There's a significant performance gain to be had by removing the need to flush the IOMMU TLB on every unmap on arm64. I'm seeing a 25% performance gain w/ fio reads on a single NVMe device.

This mode of operation is available for x86 via the "intel_iommu=strict" parameter. Upstream now exposes an equivalent feature for ARM platforms via the "iommu.strict=[0|1]" parameter, while retaining the default strict-enabled mode.

[Test Case]
Run fio with the following config before and after applying the patches and collection IOPS count. Run again after applying the patches. Finally, run a 3rd time after adding iommu.strict=0 to the kernel commandline.

Performance should not regress after the update. Performance should further improve after adding iommu.strict=0 - but if it doesn't for some reason, that is not a regression.

$ cat fio.rc
[global]
rw=read
direct=1
ioengine=libaio
iodepth=2048
numjobs=10
bs=4k
group_reporting=1
group_reporting=1
cpumask=0xff
runtime=100
loops = 10000

[job1]
filename=/dev/nvme0n1

[Fix]
44f6876a00e83 iommu/arm-smmu: Support non-strict mode
b2dfeba654cb0 iommu/io-pgtable-arm-v7s: Add support for non-strict mode
9662b99a19abc iommu/arm-smmu-v3: Add support for non-strict mode
b6b65ca20bc93 iommu/io-pgtable-arm: Add support for non-strict mode
68a6efe86f6a1 iommu: Add "iommu.strict" command line option
2da274cdf998a iommu/dma: Add support for non-strict mode
07fdef34d2be6 iommu/arm-smmu-v3: Implement flush_iotlb_all hook
85c7a0f1ef624 iommu/io-pgtable-arm: Fix race handling in split_blk_unmap()

[Regression Risk]
Most of these patches are specific to ARM, and have been regression tested on both arm64 (HiSilicon D06) and armhf (QEMU virt) using "stress-ng --vm $(nproc)"

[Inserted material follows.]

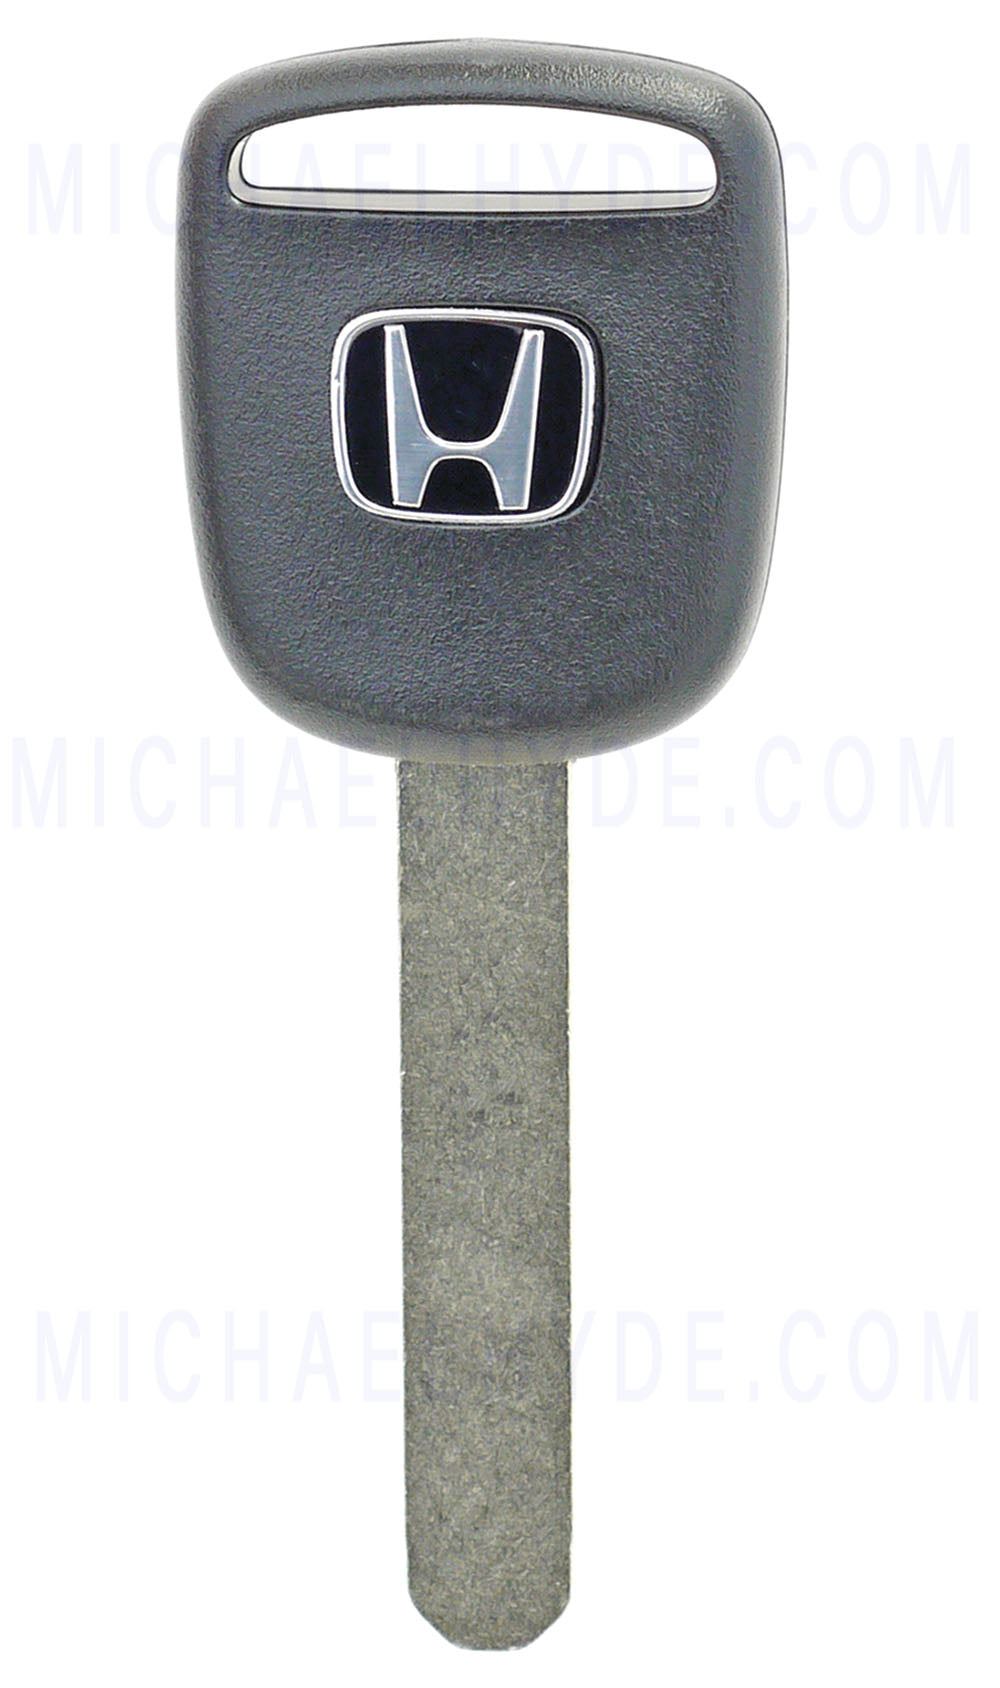 2003-07 Honda Encrypted Factory Key (Factory Original) 35118-SDA-A01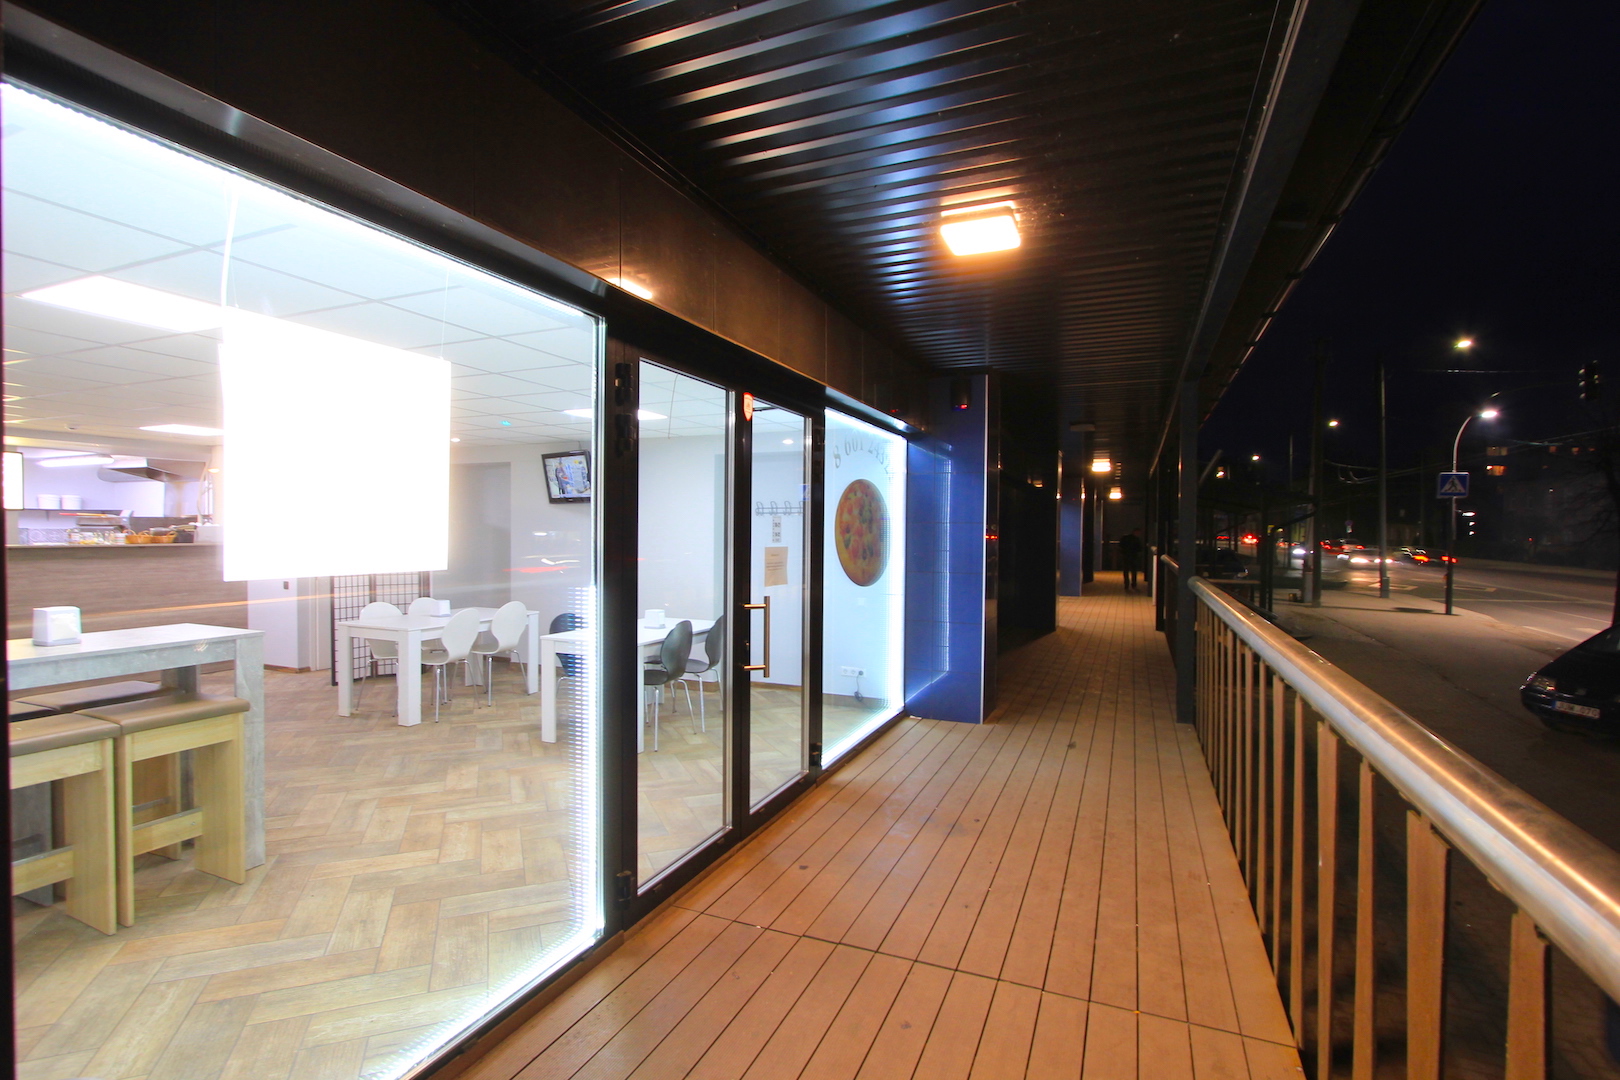 Išnuomojamos 42 - 85 m² prekybinės patalpos naujame verslo centre.

2 patches do touch arch-indep code however:

> 68a6efe86f6a1 iommu: Add "iommu.strict" command line option
Adds a new command line option and sets an attribute that iommu drivers can optionally react to. Doesn't change default behavior.

> 2da274cdf998a iommu/dma: Add support for non-strict mode
This driver is only built for arm64 and ppc64el (determined by looking at the build logs). Most of this patch only changes behavior in the non-default (and new) iommu.strict=0 case. The exception, which is called out in the commit message, is this hunk:

- WARN_ON(iommu_unmap(domain, dma_addr, size) != size);
+ WARN_ON(iommu_unmap_fast(domain, dma_addr, size) != size);
+ if (!cookie->fq_domain)
+ iommu_tlb_sync(domain);

In the default case, where fq_domain will be NULl, we are now factoring iommu_unmap() into:
  iommu_unmap_fast()
  iommu_tlb_sync()

Looking at the source to iommu_unmap() confirms that this is functionally equivalent.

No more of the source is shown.